Somehow, I imagine, "Nice car you have, King," is probably more like it.
Another intriguing opportunity for discussion came (and probably went) when Obama later met with Palestinian Authority President Mahmoud Abbas in Ramallah -- "a Palestinian flag between them and photographs of the late Palestinian leader (sic) Yasir Arafat and of Mr. Abbas himself on the wall behind them," as The New York Times rather luridly put it.
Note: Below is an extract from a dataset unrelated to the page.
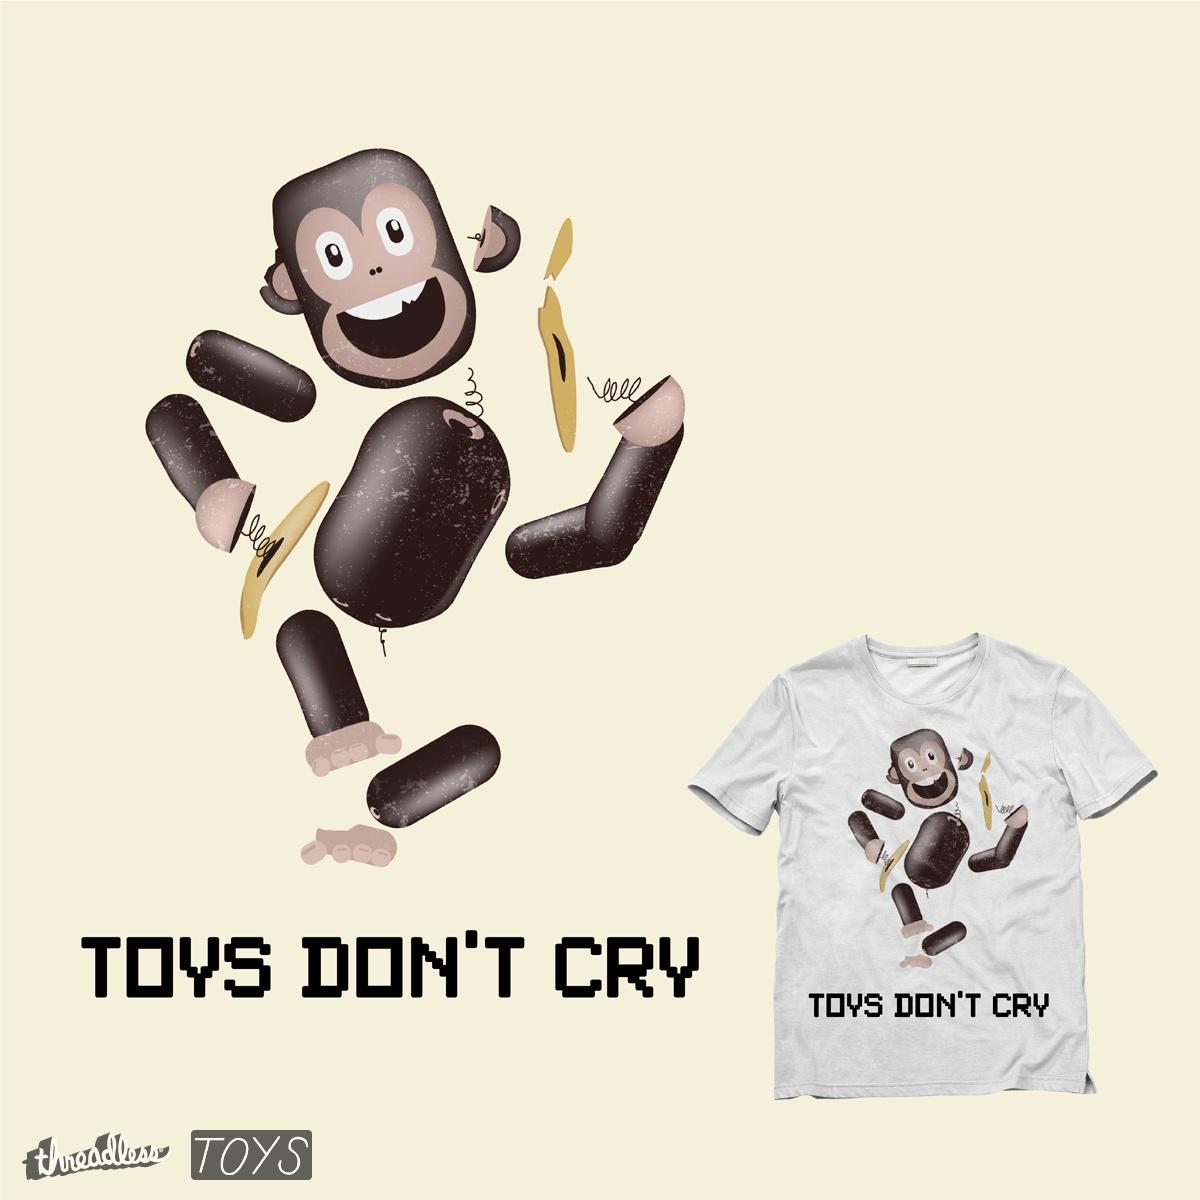 Toys don't cry by mrsharma on Threadless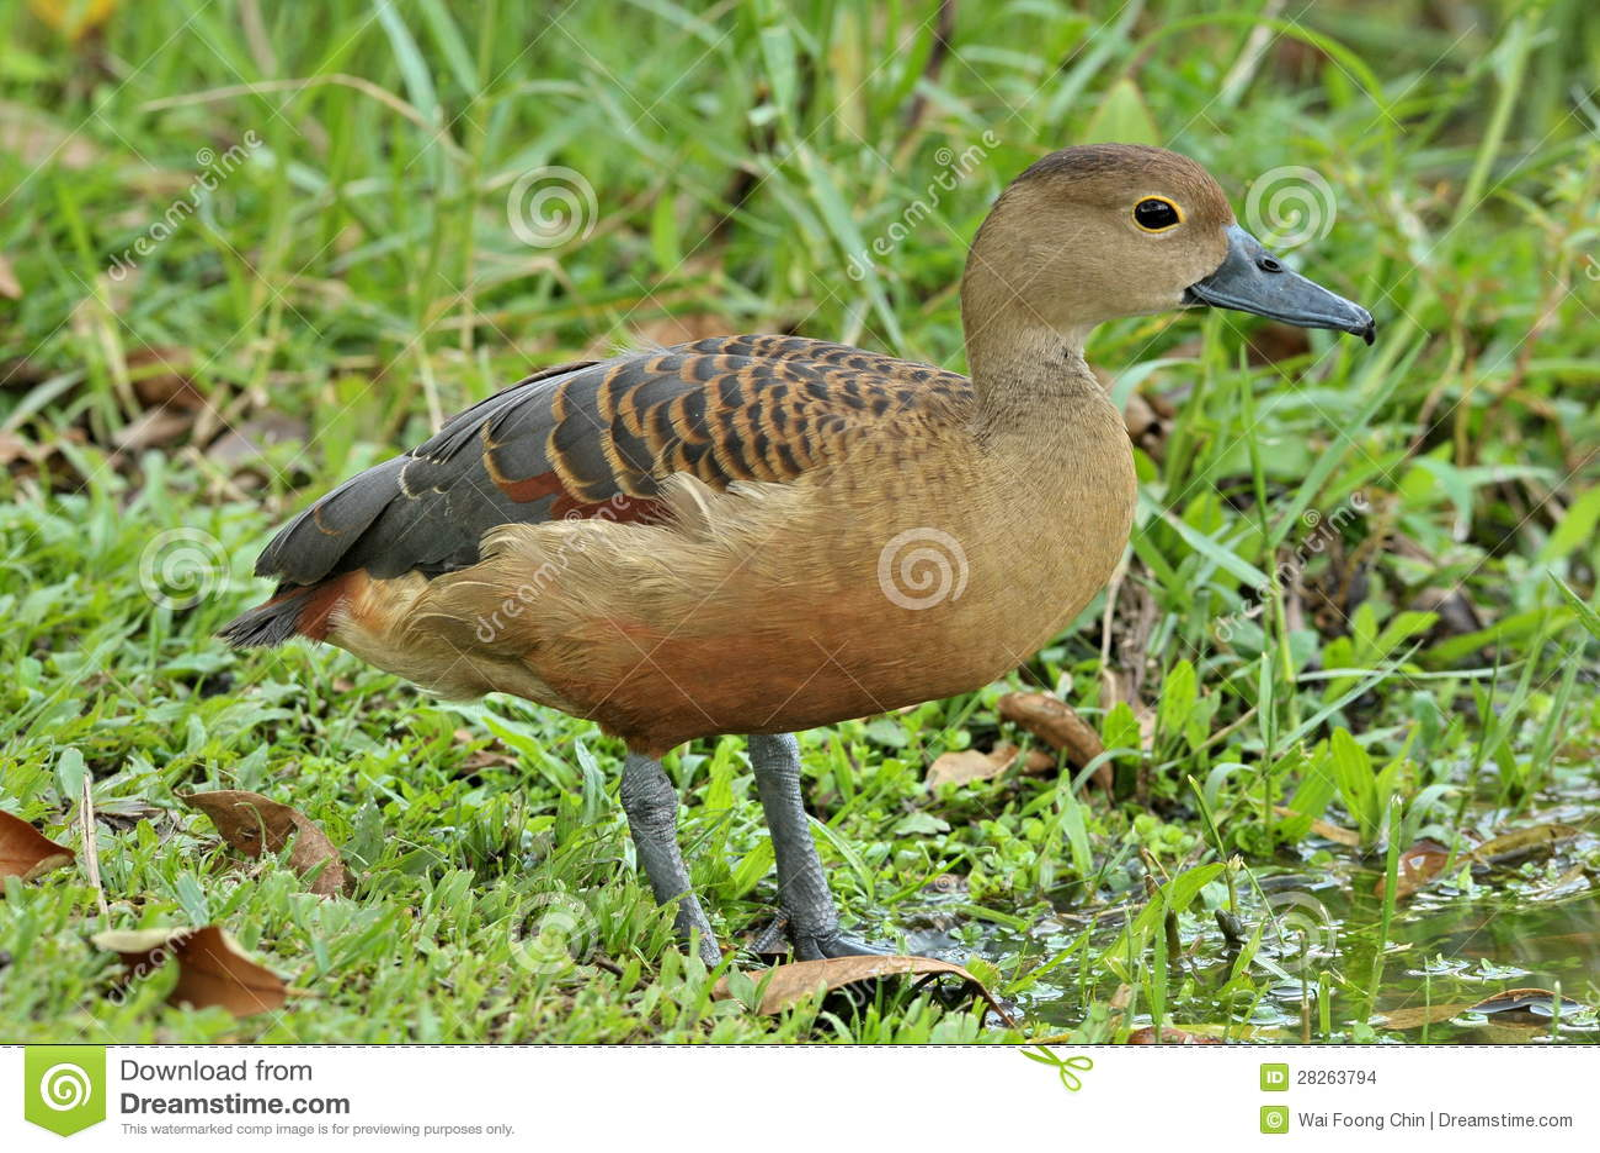 Lesser whistling duck - photo#27

Did Obama, in the ensuing hour of closeted discussion, ever ask: President Abbas, how do you expect to be considered a "peace partner" -- let alone receive hundreds of millions of U.S. dollars -- when, as widely reported in your government-controlled media this month, you just "sent blessings" to the family of Samir Kuntar, the notorious child-murdering terrorist recently released by Israel? And why does Fatah -- supposedly the "moderates" in these parts -- lavish praise on Dalal Mughrabi, whose remains Israel also released? Mughrabi led the worst terror attack in Israel's history (37 dead, including 12 children), but Fatah has exalted her for "the most gloried sacrifice action in the history of the Palestinian-Israeli struggle."
I doubt such questions occurred to Obama. Why should they? The candidate was there to generate campaign pictures. With this PR mission in mind, it didn't make sense, for example, to ask during his meeting with Iraqi Prime Minister Nouri al-Maliki, why, according to a recent and widely publicized Der Spiegel interview, the Iraqi leader's chief concern these days appears to be gaining the legal right "to prosecute offenses or crimes committed by U.S. soldiers against our (Iraq's) population." What's up with that, Nouri -- not enough U.S. blood and treasure spent in Iraq yet? The answering look of apoplexy would surely spoil any campaign photo.
Of course, across the political aisle, the McCain campaign isn't exactly burning with curiosity over such questions, either. Which is precisely our national problem. We need a leader who seeks such status-quo-changing answers.